Black churches held a leadership role in the American civil rights movement. Their history as centers of strength for the black community made them natural leaders in this moral struggle. In addition they had often served as links between the black and white worlds. Notable minister-activists of the 1950s and 1960s included Martin Luther King Jr., Ralph David Abernathy, Bernard Lee, Fred Shuttlesworth, Wyatt Tee Walker, C. T. Vivian, and Fr. Ted Hesburgh, who would later be recruited by President Johnson to help craft the legislation that would later become the 1964 Civil Rights Act.
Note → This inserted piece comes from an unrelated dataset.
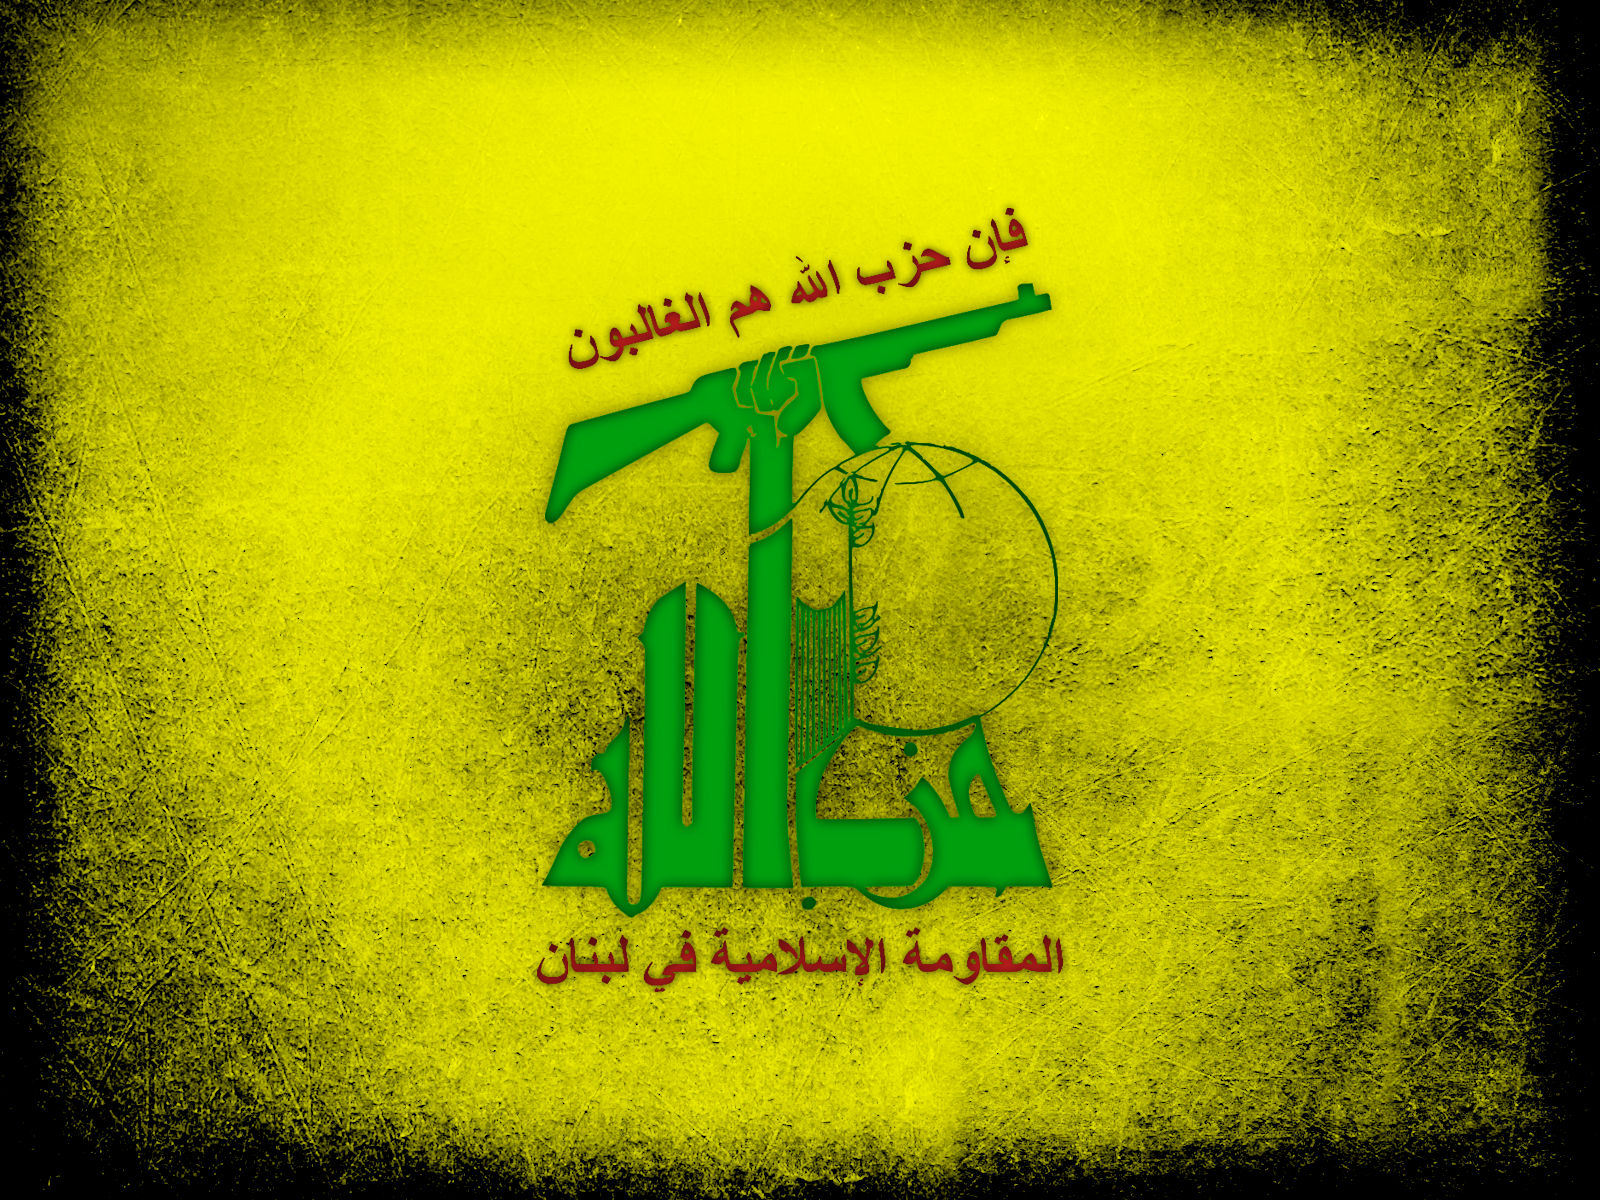 palestinian hamas rebel flag wallpaper 1600x1200 | download

During this movement, many African American Baptists split over using black churches as political centers alongside spiritual centers; this led to the formation of the Progressive National Baptist Convention.

== Black Power movement ==

After the assassination of Dr. King in 1968, by James Earl Ray, African American Catholics began organizing en masse, beginning with the clergy that April. A Black Catholic revolution soon broke out, fostering the integration of the traditions of the larger (Protestant) Black Church into Black Catholic parishes. Soon there were organizations formed for Black religious sisters (1968), permanent deacons, seminarians, and a brand-new National Black Catholic Congress organization in 1987, reviving the late 19th-century iteration of the same. This era saw a massive increase in Black priests, and the first crop of Black bishops and archbishops.

Black Catholics are still in a relatively small number in the United States. The first black American cardinal Wilton Gregory, the archbishop of Washington D.C., attained the cardinal position in 2020. Being a Black Catholic provides a different experience compared to being a Black Protestant. Black protestants are not a minority in the black community. 68% of black protestants claim that they worship with other Black church attendees compared to the just 25% of Black Catholics who report that worship with other black church attendees.